The SW is a correct effective Hamiltonian by construction, because it is obtained by performing a canonical transformation to block-diagonalize the fundamental Hamiltonian (this construction is applied to a UV renormalized fundamental theory).
Therefore the SW derivation justifies the procedure of matching the operator 1/2(<f|T |i > + h.c.) as a route for arriving to the SW effective Hamiltonian.
This reasoning leads one to ask whether the Heff of the authors (retrieved by matching <f|T |i > instead of 1/2<f|T |i > + h.c. ) is exactly correct, or only approximately?
What I am pointing out is a matter of principle, whose consequences may not be detectable by computing the spectrum of the two dimensional phi4 theory with second order Heff.

2) Equations 2.24 are the correct solution to the matching equation at O(V^3).
However, towards the end of section 2, the authors claim that the correct matching equations require the extra step of expanding equations 2.24 in powers of 1/Emax.
Should one keep only the leading 1/Emax correction in 2.24, or keeping the leading and subleading is also fine?
Is one allowed to incorporate the whole series in 1/Emax, and if so, why expanding in powers of 1/Emax in the first place?
The justification “in accordance with standard effective field theory methodology” is unclear because the problem at hand departs from standard quantum field theory in many interesting ways.

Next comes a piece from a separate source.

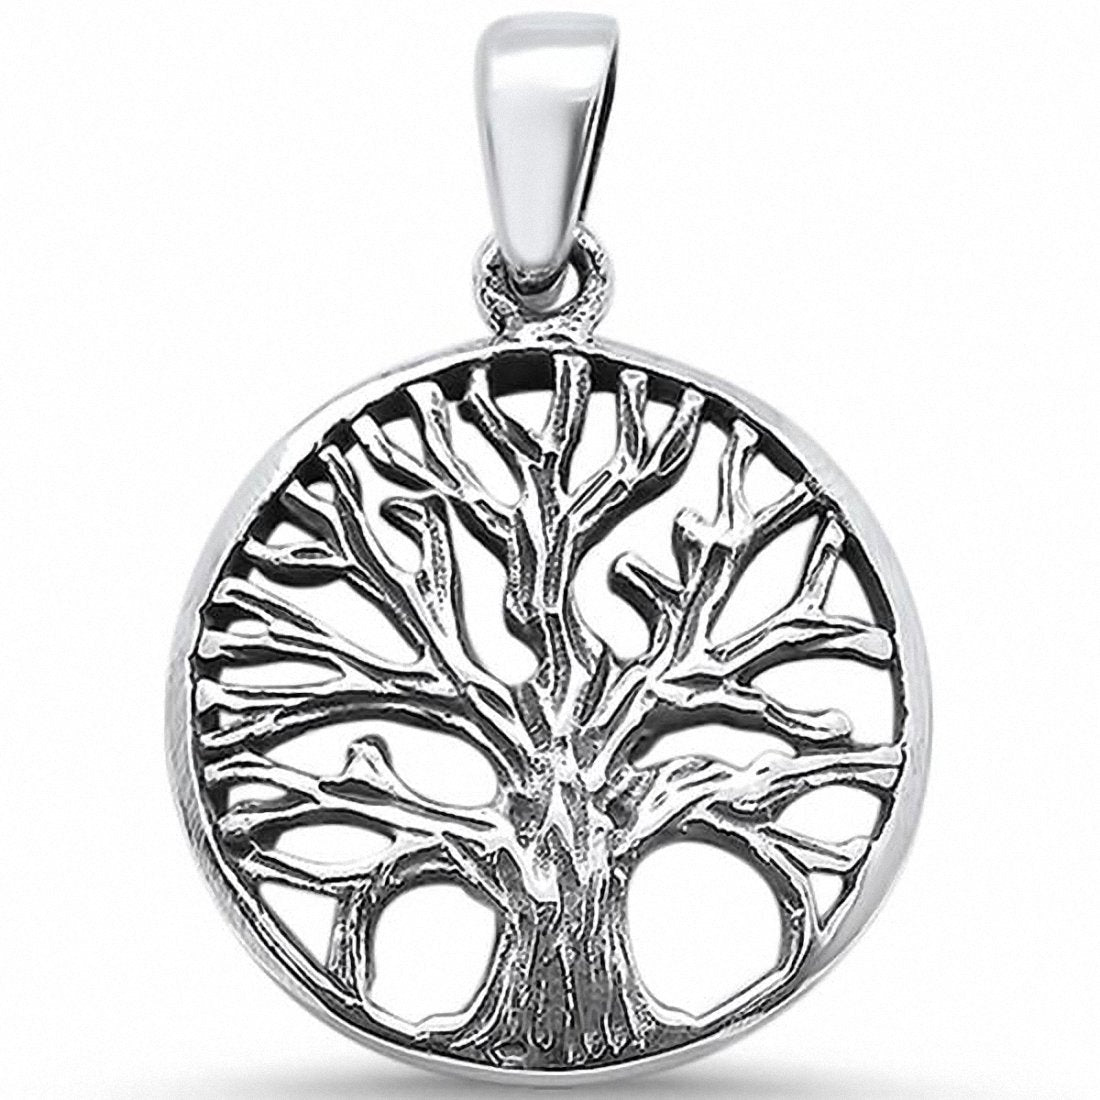 Round Plain Tree of Life Pendant Charm 925 Sterling Silver

3) The authors also show that their calculations obey various expectations of EFT regarding separations of scales.
In particular, a definition is given in the introduction: the coefficients of the Heff should be dominated by states close to the cutoff.
This is so because Heff is obtained from a renormalized (i.e. finite) fundamental theory. Fine.
However the authors take this expectation one step further in the main text, and show that the separation of scales to O(V^2) is obeyed in a local manner.
Namely, it turns out that leading UV/IR overlaping regions in momentum space (of the coefficients of the local, un-normal ordered, operators in Heff) vanish.
This is a manifestation of the locality of Heff at this order of the calculation: states containing soft momentum modes can have energy close to the cutoff, however these states do not dominate the contribution to the coefficients of Heff.

4) Section 6 contains a power-counting discussion. Reading through it, one has the impression that non-locality and non-hermicity are somewhat intertwined. However, as I emphasised above this does not need to be the case.

5) The authors carefully estimate the error of their approximation in Heff at second order.
This allows them to show that raw spectrum converges as 1/Emax^2 while leading order second order as 1/Emax^3.
The focus of the numerical analysis is on convergence. However, with such a good control on the convergence, it would had been interesting to compute universal data at the critical point.
Those computations could be compared across different methods and works.

6) Equation 8.3 is wrong. There the authors are referring to the exact eigenvalue equation 2.3, therefore the denominator of the exact “Delta H_exact” should be Epsilon-H0-V instead of Epsilon-H0.
References [5,6] did two essential approximations: 1) substituted the denominator of Delta H_exact by Epsilon-H0 ; 2) approximated V.1/(Epsilon-H0).V by local operators.